The amended agreement maintains the divestiture of private-label brands Debi Lilly Design, Primo Taglio, Open Nature, ReadyMeals and Waterfront Bistro to C&S. The revised agreement also provides C&S with access to the Signature and O Organics private label brands.
The company said the updated plan will:
- Extend a competitor to new geographies through the sale of stores to a well-capitalized buyer that is led by seasoned operators with a strong balance sheet and a sound business plan.
- Ensure that no stores will close as a result of the merger.
- Maintain all current collective bargaining agreements, which include industry-leading health care and pension benefits, bargained-for wages, and ensuring frontline associates remain employed.
- Commit to invest in associates and stores for the long term.
Subject to fulfillment of customary closing conditions, including Federal Trade Commission and other governmental clearance, and the completion of the Kroger-Albertsons merger, C&S would pay Kroger an all-cash consideration of approximately $2.9 billion, including customary adjustments.
The proposed merger with Albertsons will produce meaningful and measurable benefits for customers, associates and communities across the country.

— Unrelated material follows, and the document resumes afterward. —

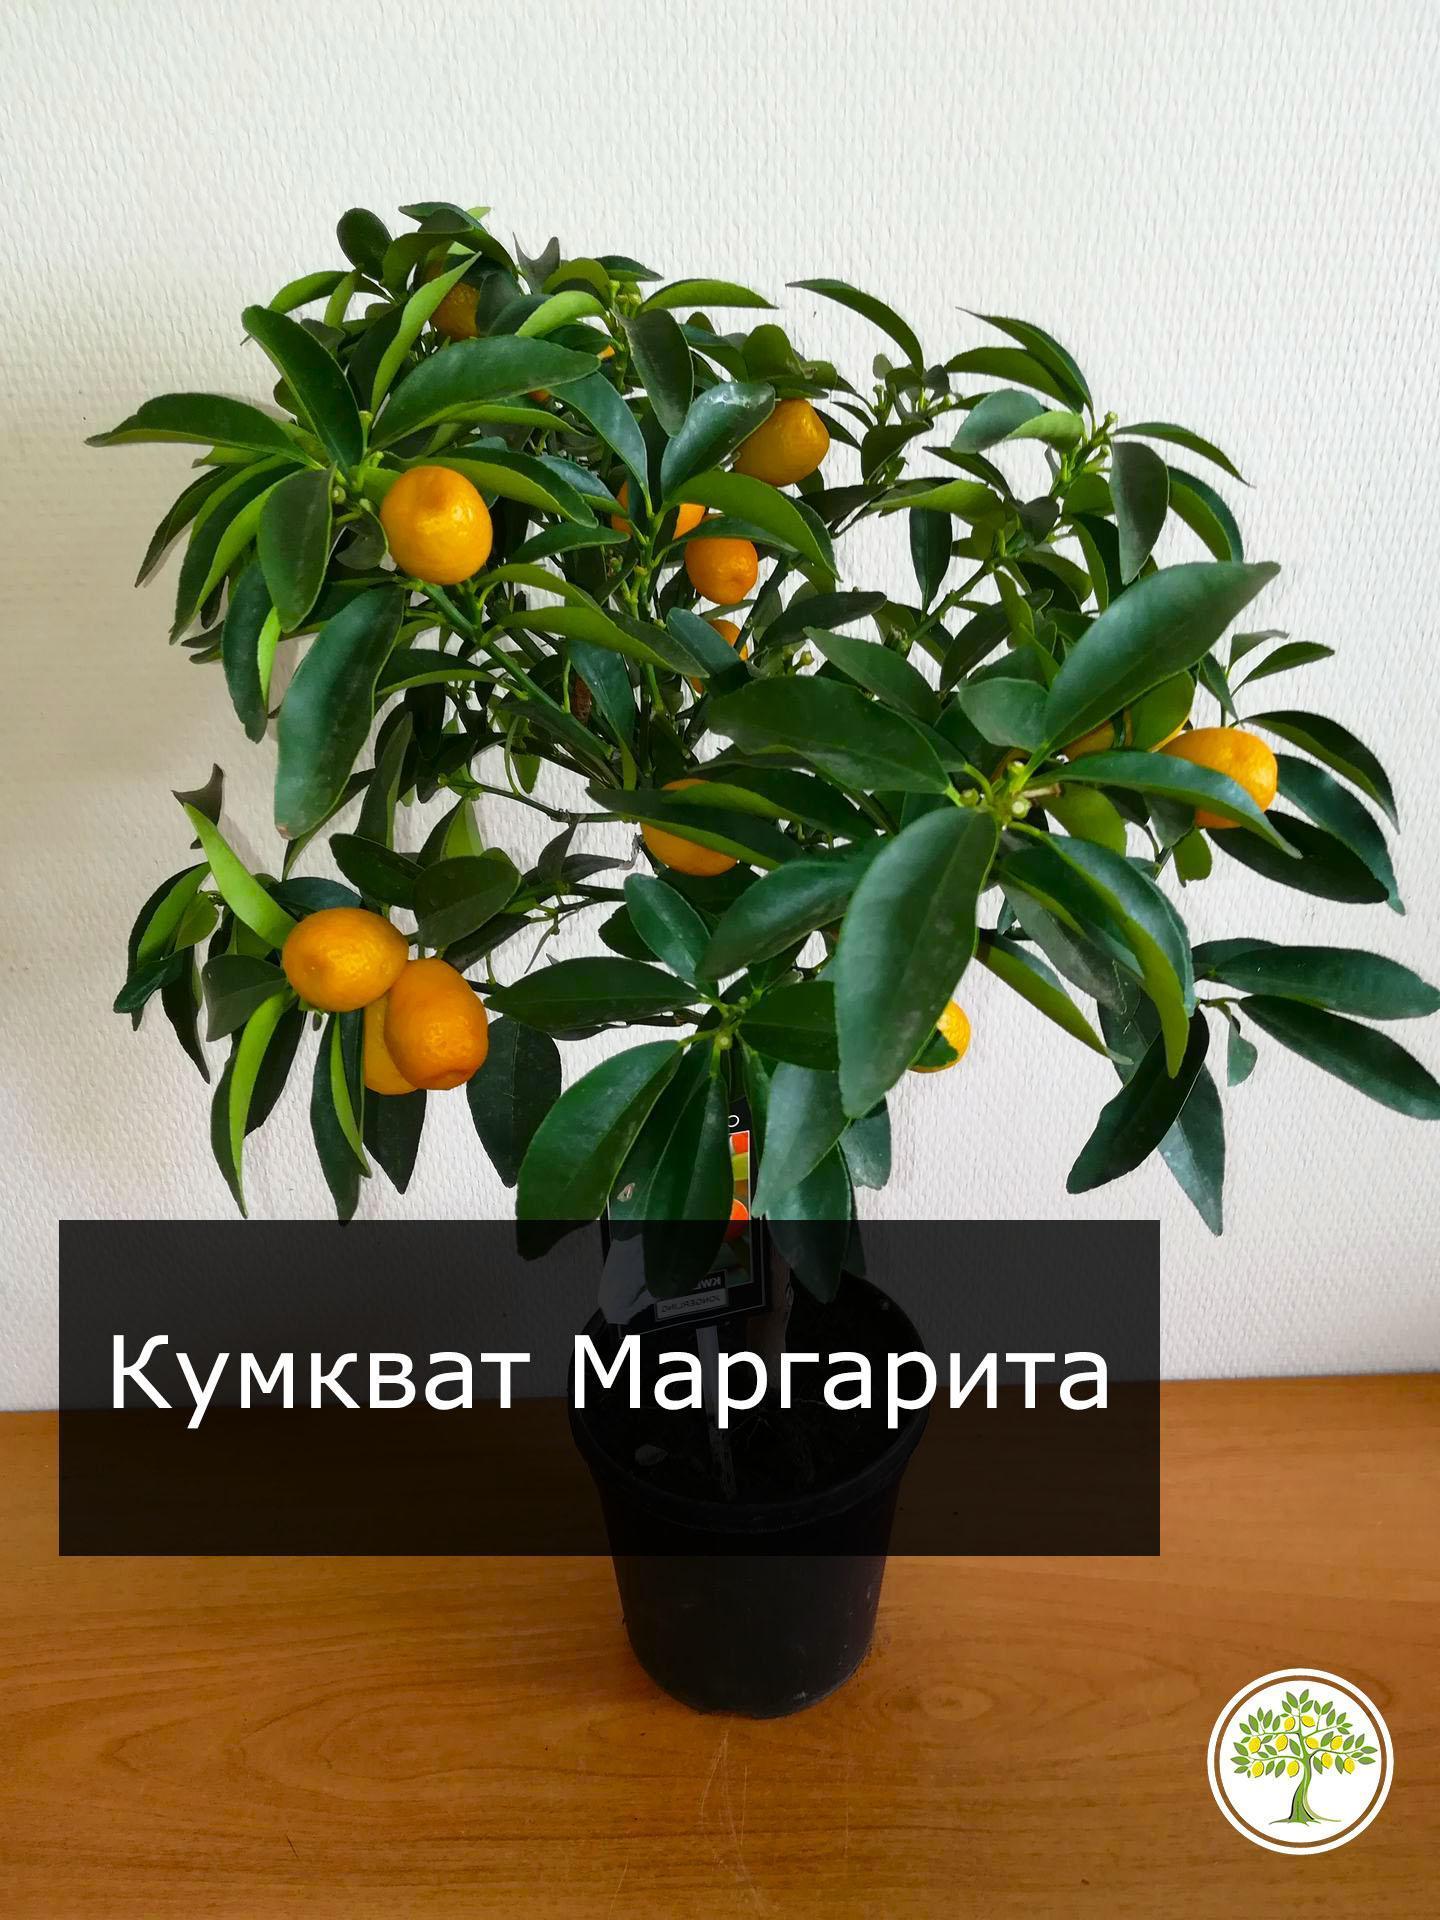 Кумкват Маргарита с плодами

The combined company committed that no stores, distribution centers or manufacturing facilities will close as a result of the merger, Kroger said.
Kroger said it has committed to investing $500 million to begin lowering prices Day 1 post-close, and an additional $1.3 billion to improve Albertsons stores.
Kroger and Albertsons remain committed to defending the merger in court and unlocking the many benefits it offers, according to the release.